Increased Hematocrit During Sodium-Glucose Cotransporter 2 Inhibitor Therapy Indicates Recovery of Tubulointerstitial Function in Diabetic Kidneys.

Sodium-glucose cotransporter 2 (SGLT2) inhibitors have been attracting attention for cardiovascular as well as antidiabetic effects since the results of the Empagliflozin Cardiovascular Outcome Event Trial in Type 2 Diabetes Mellitus Patients (EMPA-REG OUTCOME Trial) were reported. The hematocrit increases during treatment with SGLT2 inhibitors, which have a diuretic effect but do not cause sufficient hemoconcentration to increase the risk of cerebral infarction. Elevation of the hematocrit during SGLT2 inhibitor therapy is presumed to involve enhancement of erythropoiesis in addition to hemoconcentration. In patients with diabetes, the erythropoietin level increases after initiation of treatment with the SGLT2 inhibitor dapagliflozin and reaches a plateau in 2 - 4 weeks. The reticulocyte count increases simultaneously, followed by elevation of hemoglobin and hematocrit. In patients with diabetes, the proximal tubules are overtaxed by excessive glucose reabsorption and the increased oxygen requirement causes tubulointerstitial hypoxia. Consequently, erythropoietin production is impaired because "neural crest-derived" fibroblasts surrounding the damaged renal tubules undergo transformation into dysfunctional fibroblasts. SGLT2 inhibitors reduce the workload of the proximal tubules and improve tubulointerstitial hypoxia, allowing fibroblasts to resume normal erythropoietin production. These drugs represent a new class of diuretics that have a renoprotective effect by improving tubulointerstitial hypoxia, which is the final common pathway to end-stage renal disease. In patients with diabetes, elevation of hematocrit may be a surrogate marker for recovery from reversible tubulointerstitial injury.

Introduction

The Empagliflozin Cardiovascular Outcome Event Trial in Type 2 Diabetes Mellitus Patients (EMPA-REG OUTCOME) [1] demonstrated that treatment with empagliflozin, a sodium-glucose cotransporter 2 (SGLT2) inhibitor, decreased cardiovascular death by 38% in patients with type 2 diabetes at high risk of cardiovascular events and also reduced admission to hospital for heart failure by 35%. Before the results of this study were reported, pooled analyses of clinical studies of canagliflozin [2] and dapagliflozin [3, 4] showed that dapagliflozin treatment also significantly reduced hospitalization for cardiac failure (hazard ratio: 0.57, 95% confidence interval (CI): 0.34 - 0.95) and myocardial infarction (hazard ratio: 0.36, 95% CI: 0.16 - 0.84) compared with placebo. A meta-analysis of SGLT2 inhibitor therapy in more than 30,000 patients published in 2016 [5] revealed that the relative risk of three-point major adverse cardiac events (MACEs) was reduced to 0.84 (95% CI: 0.75 - 0.95), confirming the efficacy of four SGLT2 inhibitors (dapagliflozin, canagliflozin, empagliflozin, and ipragliflozin) for significantly reducing cardiovascular events. Thus, the cardiovascular effects of SGLT2 inhibitors have been attracting attention.

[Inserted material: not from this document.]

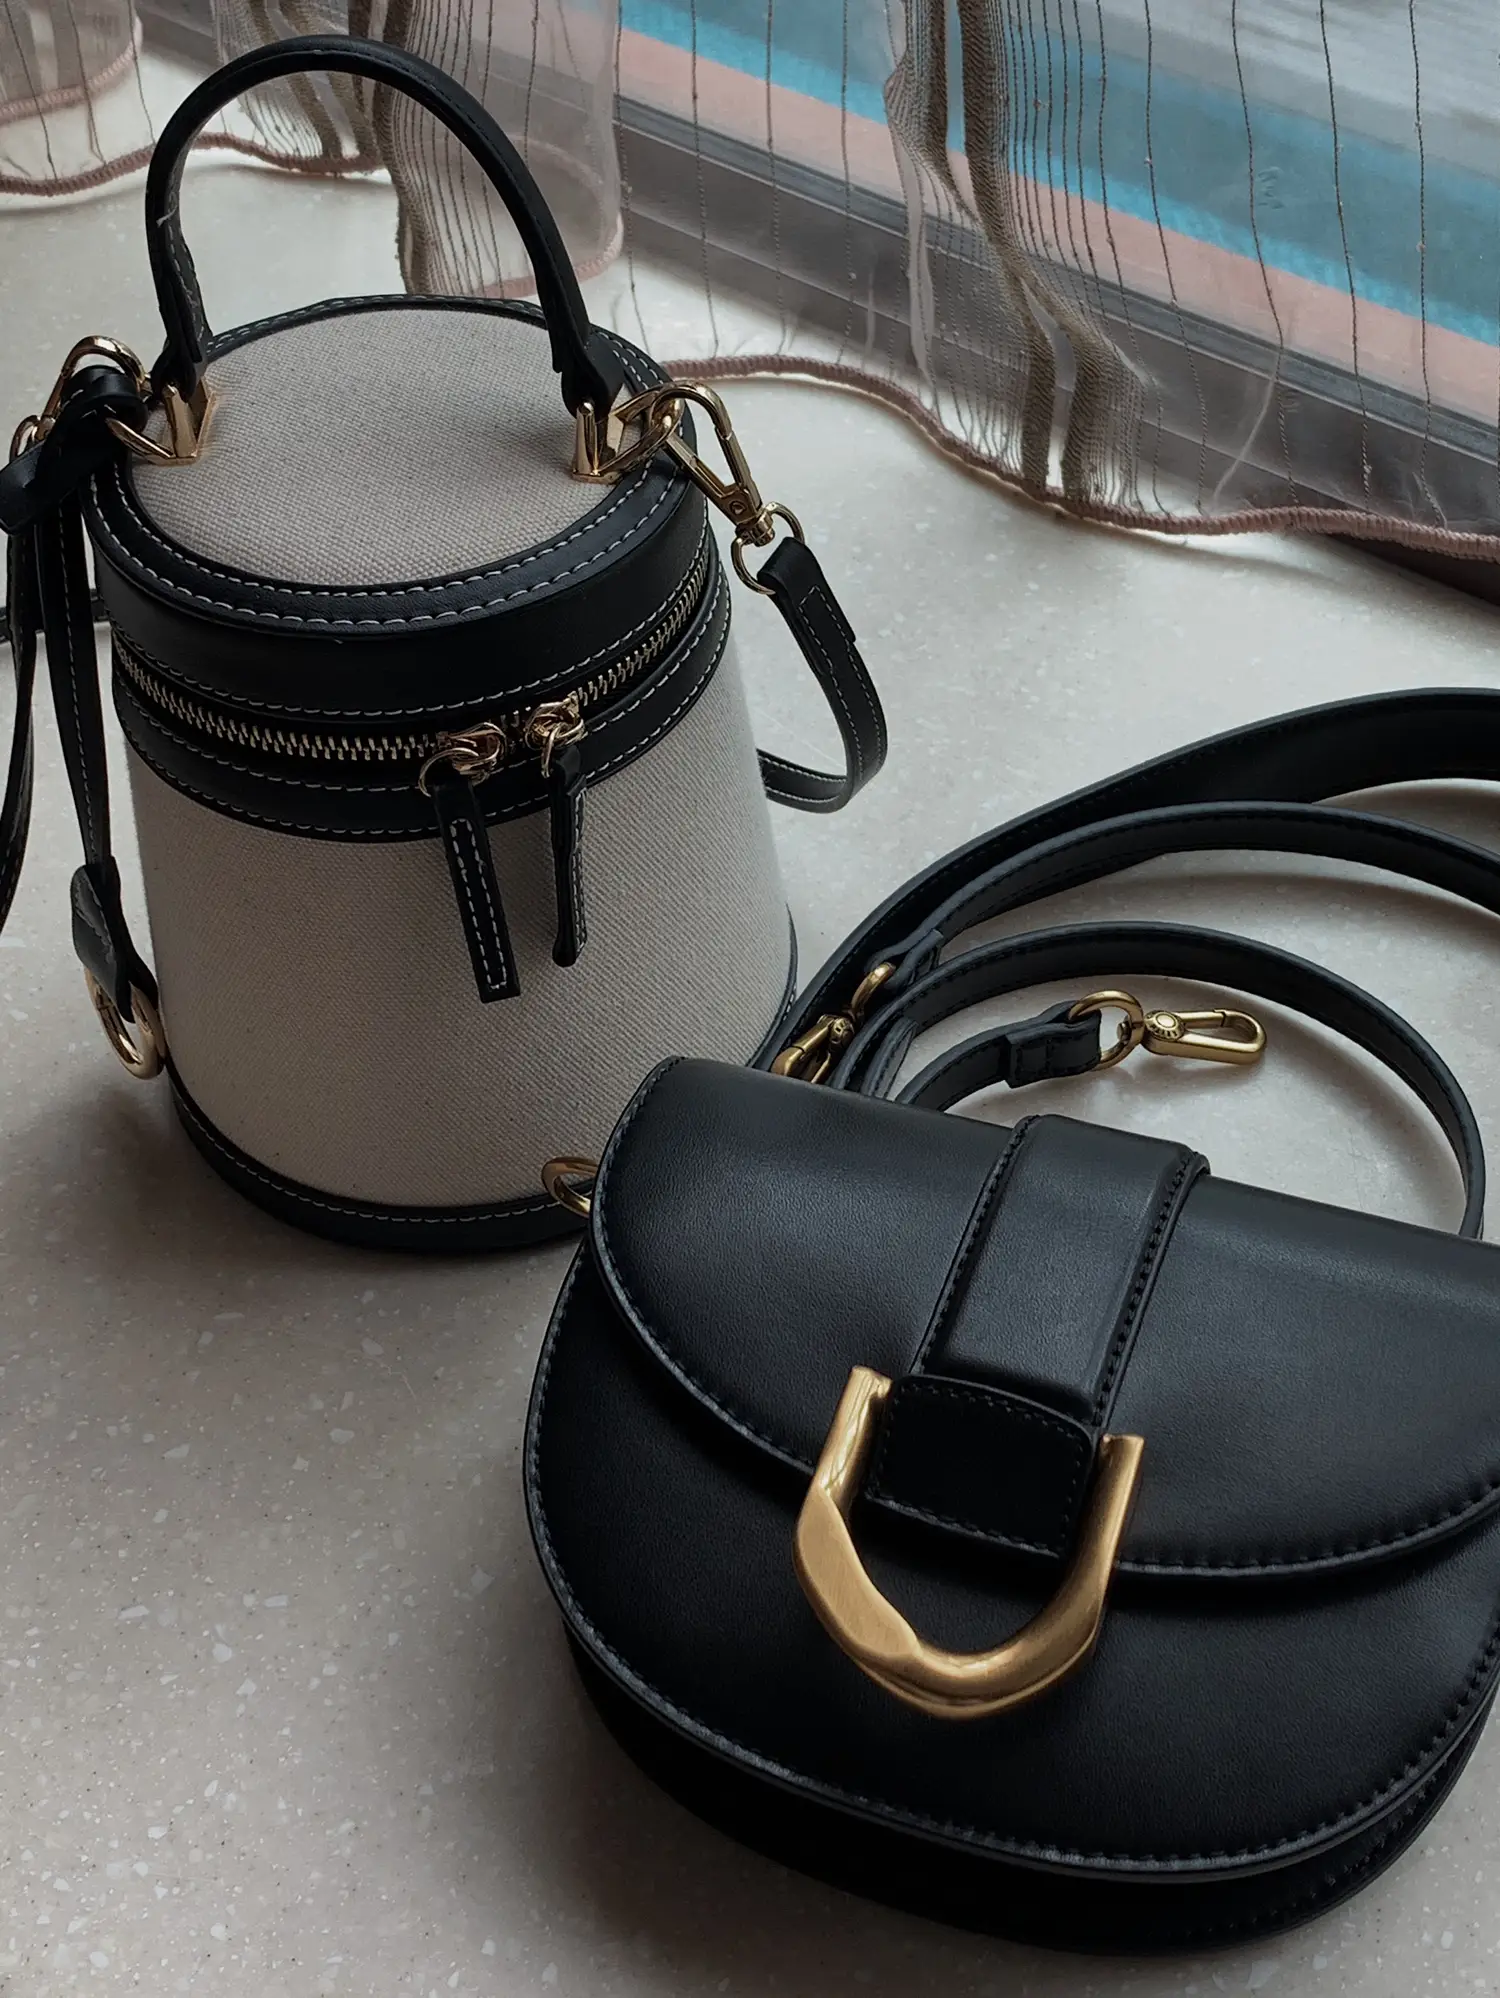 Mini luxury bag haul +tips, Gallery posted by emily✩

The hematocrit increases soon after initiation of SGLT2 inhibitor therapy, and remains elevated as long as SGLT2 inhibitor administration continues [1]. Elevation of the hematocrit has generally been interpreted as indicating hemoconcentration due to the diuretic effect of SGLT2 inhibitors, although it has been reported that the risk of cerebral infarction is not increased [1-5]. Nevertheless, many clinicians consider that an increase in the hematocrit in patients on SGLT2 inhibitor therapy is associated with an elevated risk of cerebral infarction, and discontinue these drugs in patients with excessive hematocrit elevation.

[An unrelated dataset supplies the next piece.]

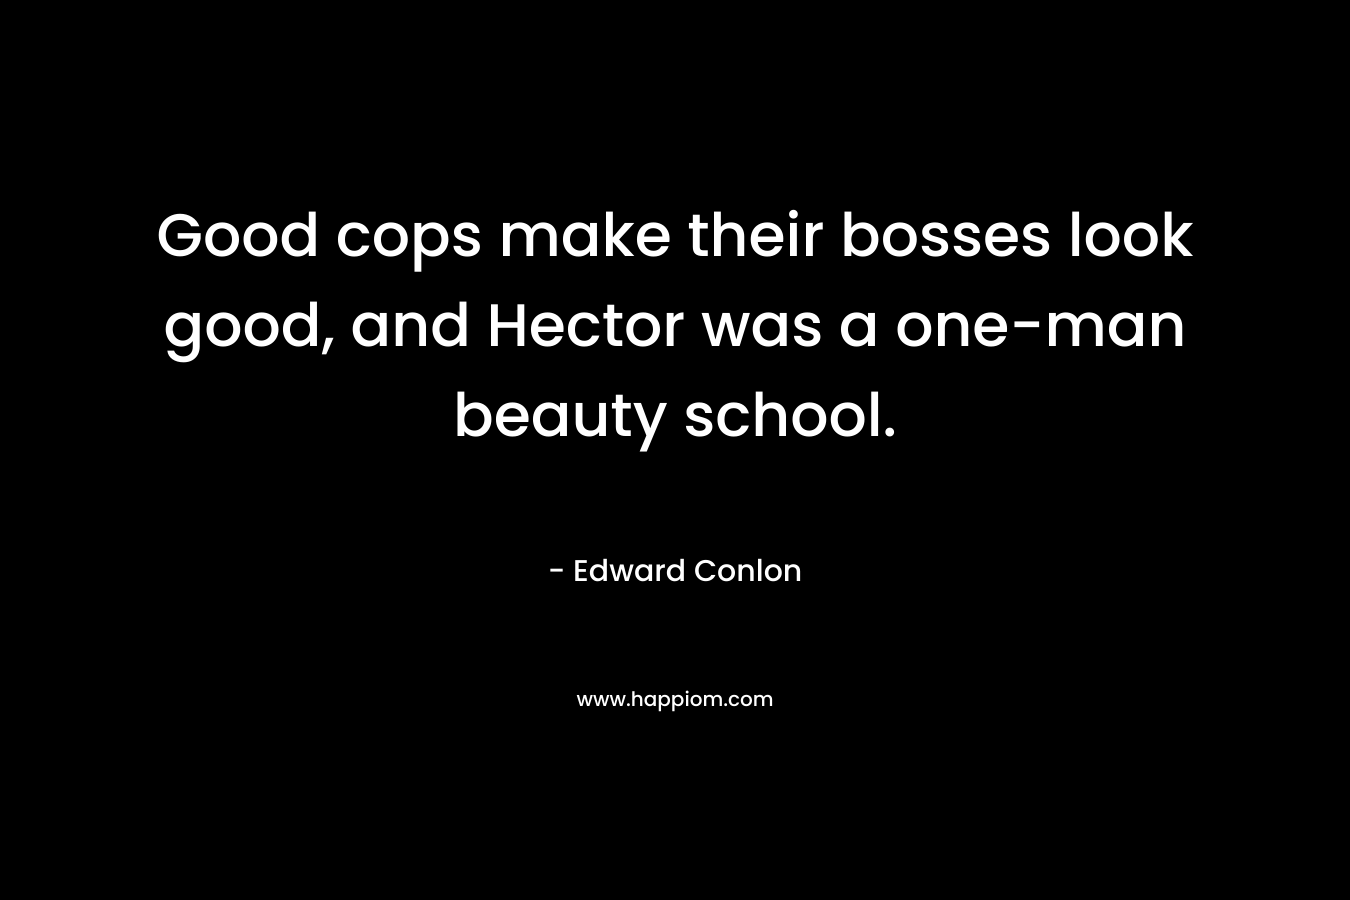 Good cops make their bosses look good, and Hector was a one-man beauty school. – Edward Conlon

Does Elevation of the Hematocrit in Patients on SGLT2 Inhibitor Therapy Reflect Hemoconcentration Alone?

Diuretics, particularly loop diuretics, are required for treating pulmonary congestion and edema in patients with heart failure complicated by fluid retention. On the other hand, overuse of loop diuretics causes deterioration of renal function in patients with heart failure and is associated with a worse prognosis [6], and these medications should be restricted to the minimum dosage required. Therefore, cardiovascular physicians determine the optimum dose of a loop diuretic by paying attention to blood urea nitrogen and creatinine levels or the blood urea nitrogen/creatinine ratio, in order to suppress activation of neurohumoral factors, maintain adequate circulating blood volume, and avoid deterioration of renal function. It should be noted that these physicians do not use changes in the hematocrit as an index of hemoconcentration during diuretic therapy.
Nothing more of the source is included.